Revision as of 07:46, 17 September 2024

Usage and Biology

This part encodes the TRn4-mfp5 fusion protein, which combines the adhesive properties of mfp5 with the special function of TRn4.
The TRn4-mfp5 fusion protein combines two proteins: mfp5 from Mytilus foot proteins and TRn4 from squid ring teeth proteins. Mfp5 is derived from Mytilus, known for their ability to adhere to different materials' surfaces. This adhesion is primarily driven by the tyrosine residues in mfp5, which, upon oxidation by tyrosinase, are converted into dopamine. Dopamine forms π-π stacking interactions and hydrogen bonds with various substrates, including metal, glass, and polymer surfaces. This ability allows mfp5 to provide the bioadhesive strength that is crucial for surface attachment in various environments. TRn4 consists of a four-time repeated sequence derived from squid ring teeth proteins. The structural strength of squid ring teeth is attributed to the formation of β-sheets, which allow hydrogen bonding between protein strands. In TRn4, this repetitive sequence enables robust structural integrity, as the β-sheets can bond with other β-sheet structures.
The fusion of mfp5 and TRn4 creates a unique protein that leverages the adhesive capabilities of mfp5 and the function of TRn4. When exposed to tyrosinase, the mfp5 portion generates dopamine, allowing the fusion protein to adhere to various materials through strong molecular interactions. The β-sheets in TRn4 allow hydrogen bonding between TRn4 and other repeated squid ring teeth protein. This fusion protein has the potential for applications in surface coatings, and bio-inspired materials that require both strong adhesion and mechanical stability. The combination of mfp5’s versatile binding properties and TRn4’s structural offers an innovative solution for challenges in areas such as marine technology, biomedical adhesives, and sustainable material development.

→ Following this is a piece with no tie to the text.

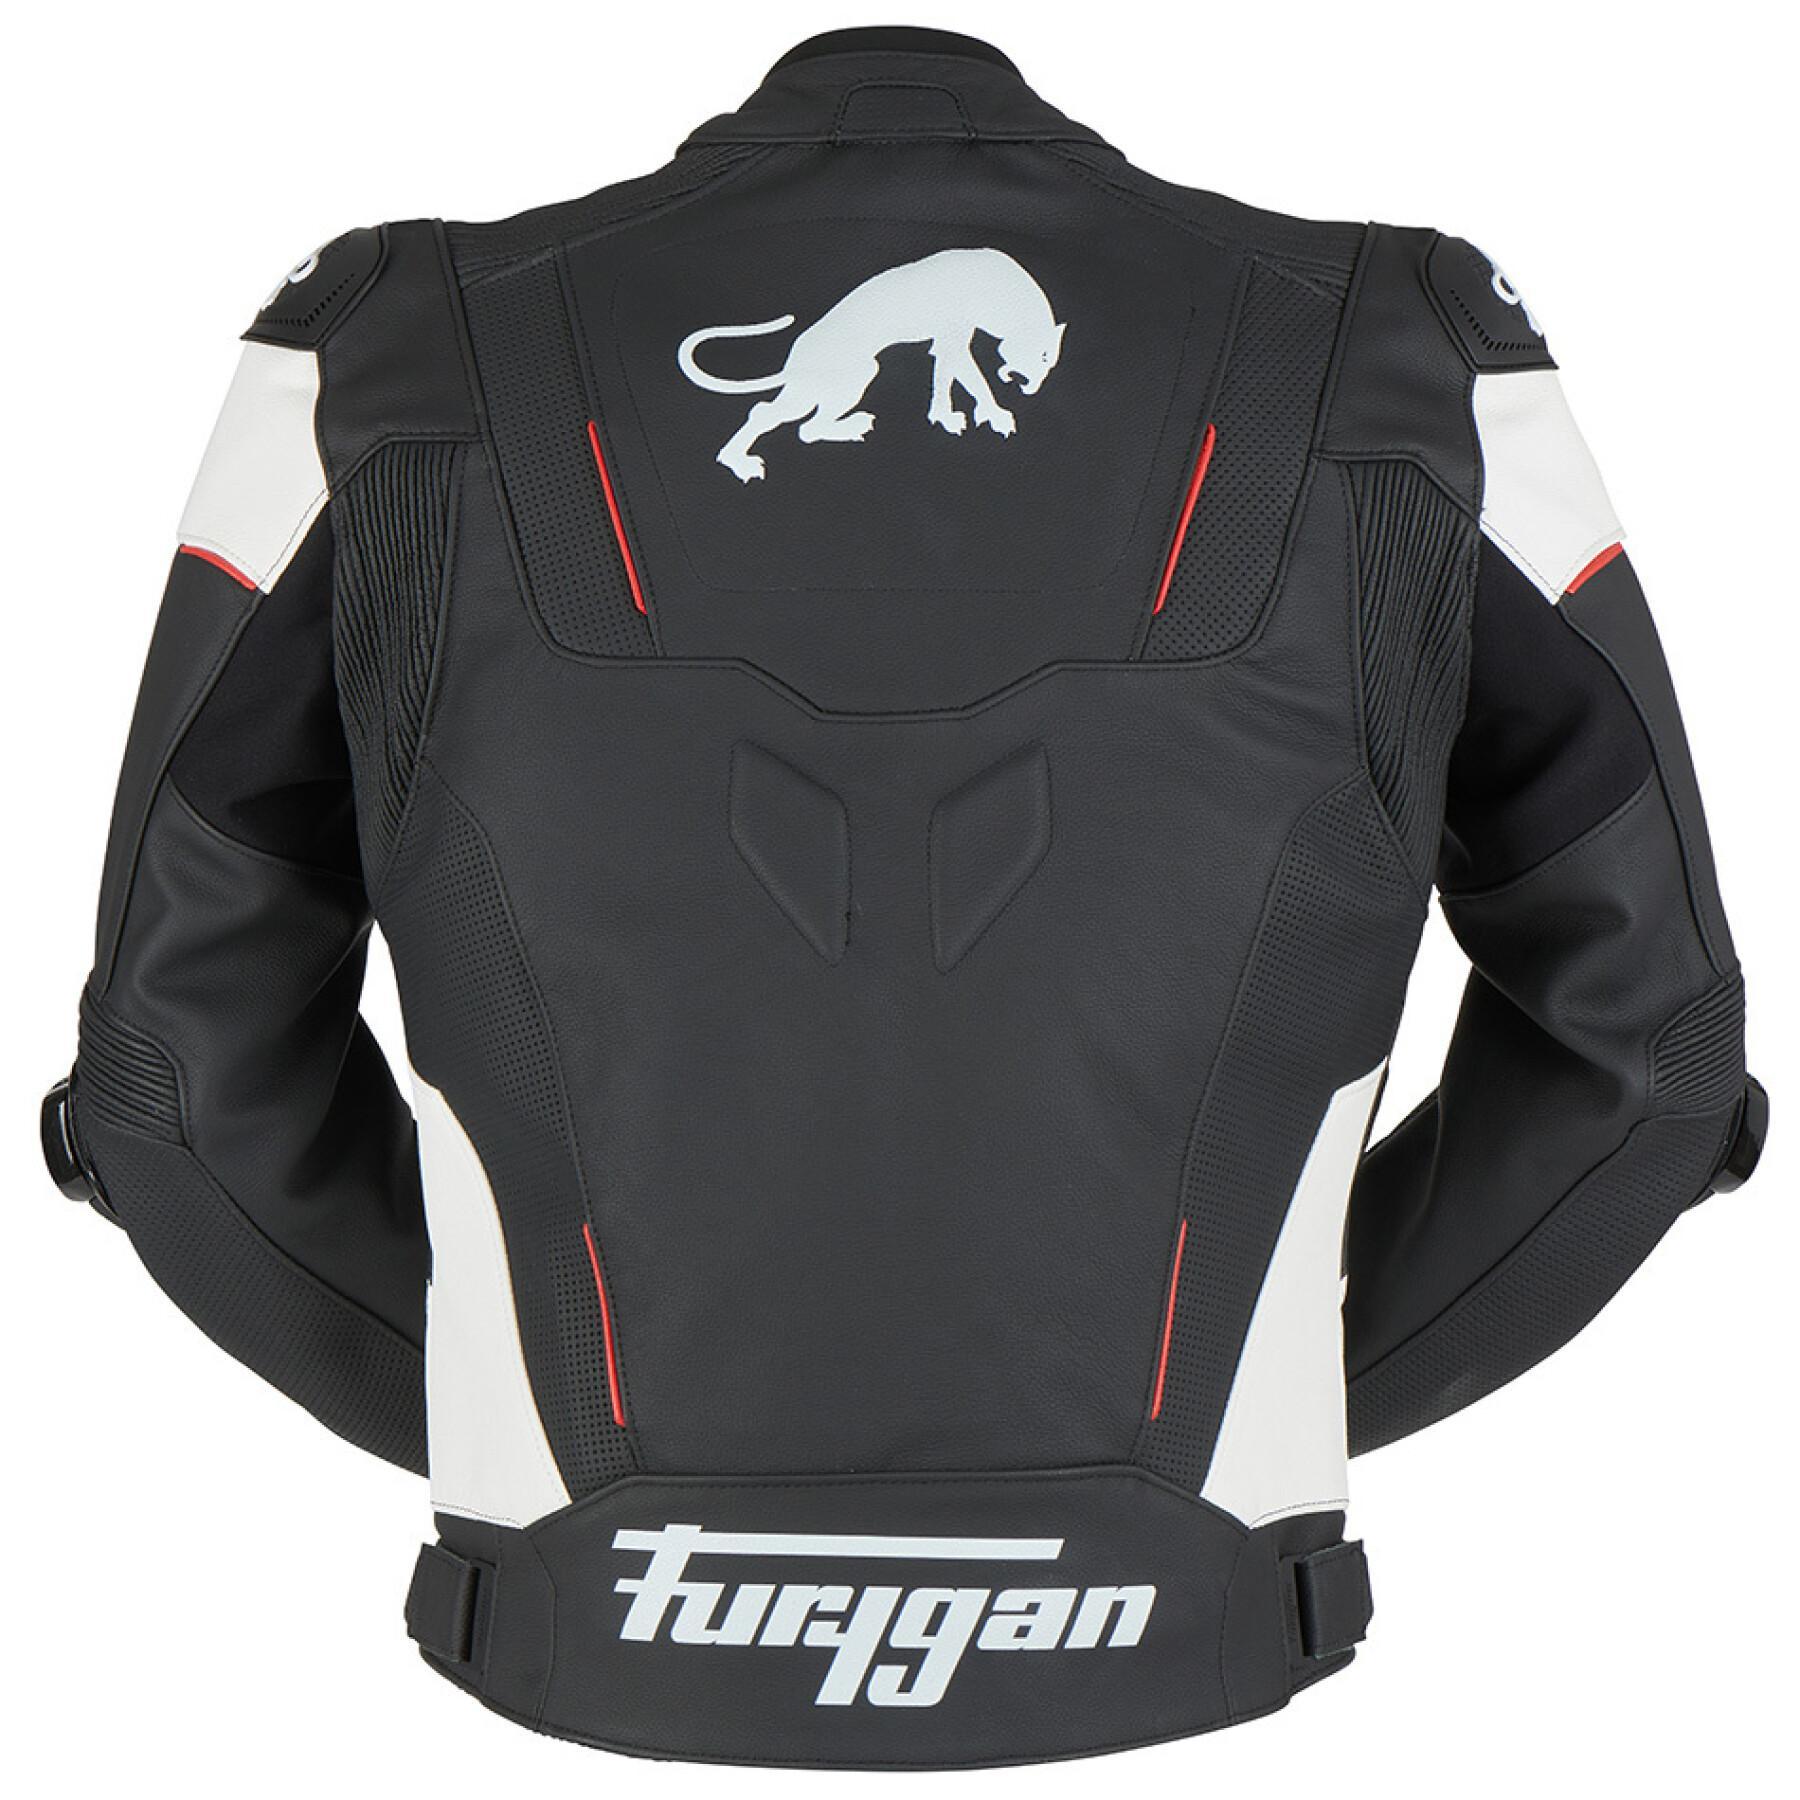 Leather motorcycle jacket Furygan Raptor Evo 2

Characterization of TRn4-mfp5

Optimizing Growth Media for Protein Production

模块示例

Protein expression comparison

Fig. 1 Comparasion of protein expression in LB and TB media

Lanes 1-6 (LB 16°C 20 h): 1. pET21a Pellet (+IPTG) 2. pET21a Supernatant (+IPTG) 3. pET21a Whole Cell Lysate (+IPTG) 4. pET21a Pellet (-IPTG) 5. pET21a Supernatant (-IPTG) 6. pET21a Whole Cell Lysate (-IPTG) 7. Protein Ladder
Lanes 8-13 (TB 16°C 20 h): 8. pET21a Pellet (+IPTG) 9. pET21a Supernatant (+IPTG) 10. pET21a Whole Cell Lysate (+IPTG) 11. pET21a Pellet (-IPTG) 12. pET21a Supernatant (-IPTG) 13. pET21a Whole Cell Lysate (-IPTG)
This figure compares protein expression in LB and TB media after 20 hours of incubation at 16°C, with and without IPTG induction. The samples include the pellet, supernatant, and whole cell lysate fractions.



To validate the functionality of the fusion protein, we designed bacteria expressing TRn4-mfp5.We constructed the pET-SUMO vector, after culturing at 37°C for 4 hours, extracted the proteins for SDS-PAGE and Coomassie Brilliant Blue staining analysis.

We purified SUMO-Mfp6 using a HiTrap Ni-NTA column. The purified protein was verified by SDS-PAGE and was found to be present mostly in the 300 mM imidazole elution fraction.


模块示例

Protein purification

Fig. 2 Protein experiment experiment of SUMO-TRn4-mfp5(35.4 KDa).

Lane 1: Protein - Binding buffer. Lane 2: 20 mM imidazole elution. Lane 3: 50 mM imidazole elution. Lane 4: 150 mM imidazole elution. Lane 5: 300 mM imidazole elution. Lane 6: 500 mM imidazole elution. Lane 7: Supernatant. Lane 8: Impurities.